Collins taught school for about twenty years, in Virginia, Maryland, Tennessee, Georgia, and Florida, sometimes under the auspices of the Women's Home Missionary Society of Boston. She organized and led the Colored Social Settlement House in Washington, D.C., in 1902. She later was head resident at another settlement house in East Greenwich, Rhode Island from 1908 to 1912. She improved the houses and their neighborhoods with libraries, classrooms, clinics, playgrounds, childcare, events, and even basic banking services.

She was founder and president of the Women's Cooperative Civic League in 1913, and during World War I she organized a War Camp Community Center for Black soldiers stationed in Pennsylvania. In 1920, she became the first Black social worker employed by the Baltimore public health department. She organized to establish the Henryton State Hospital for Black tuberculosis patients. She retired from the city health department in 1933, but opened a National Youth Administration office in 1936, to help place homeless young women in employment and housing. She also lectured for the National League of Women Voters, lobbied for compulsory school attendance laws and for quality low-income housing.

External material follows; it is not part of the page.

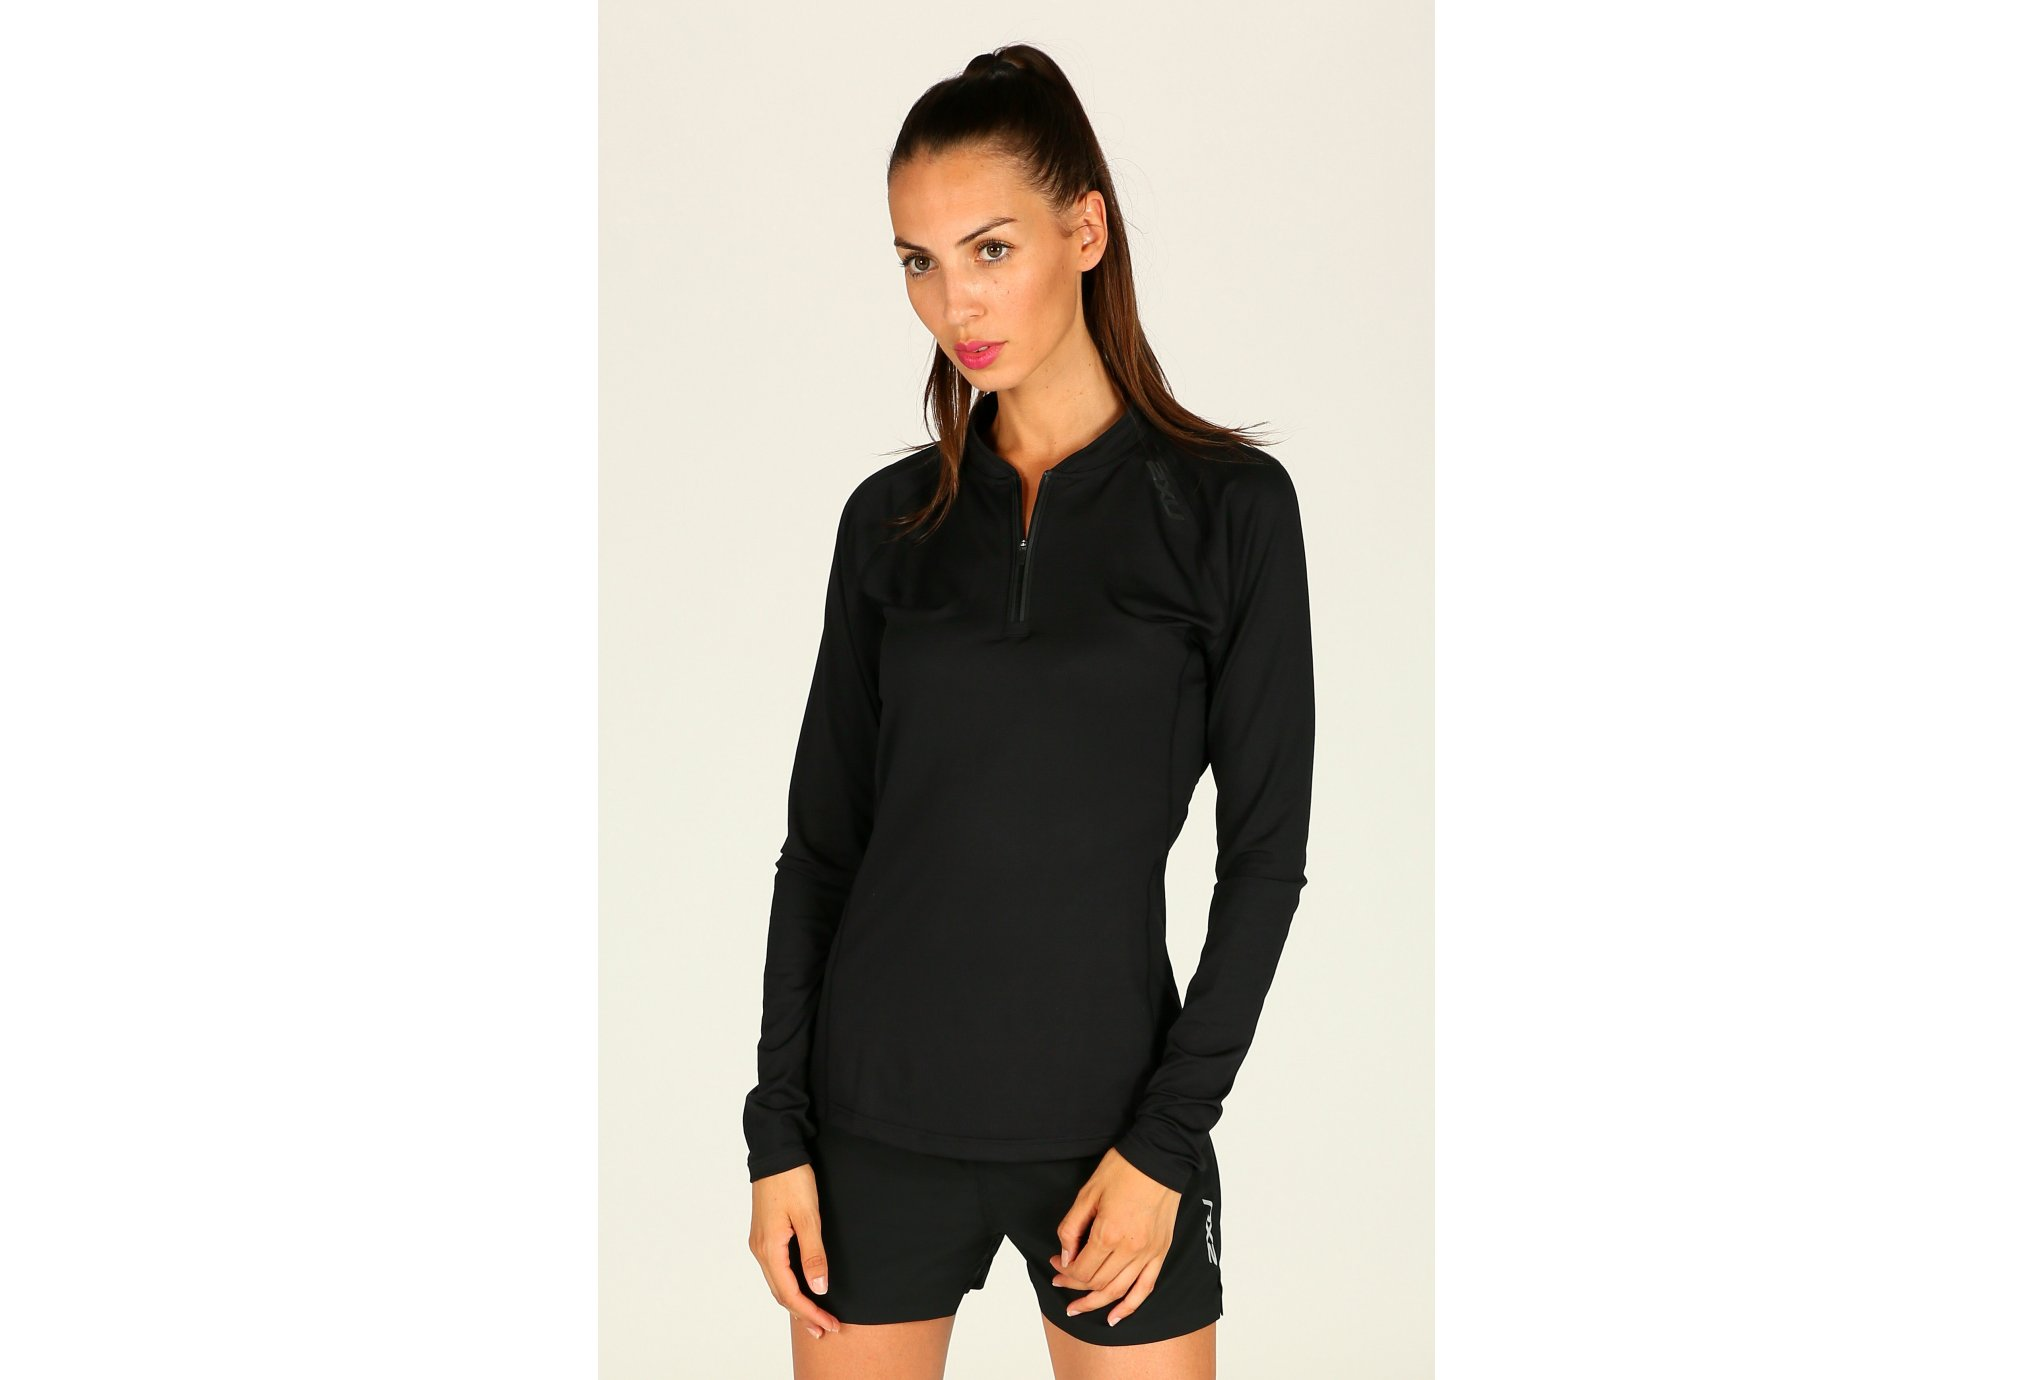 2xu Maillot hyoptik 1/4 zip w vêtement running femme

Fernandis wrote songs for her educational and community-building work, and her poems were often published in the Southern Workman. She published two volumes of poetry, Poems and Vision, in 1925.

== Personal life ==
Sarah Collins married barber John Fernandis in 1902. Sarah Collins Fernandis died in 1951, aged 88 years, in Baltimore. There is a room at the YMCA in Baltimore named for Fernandis. She was buried in Arbutus Memorial Park.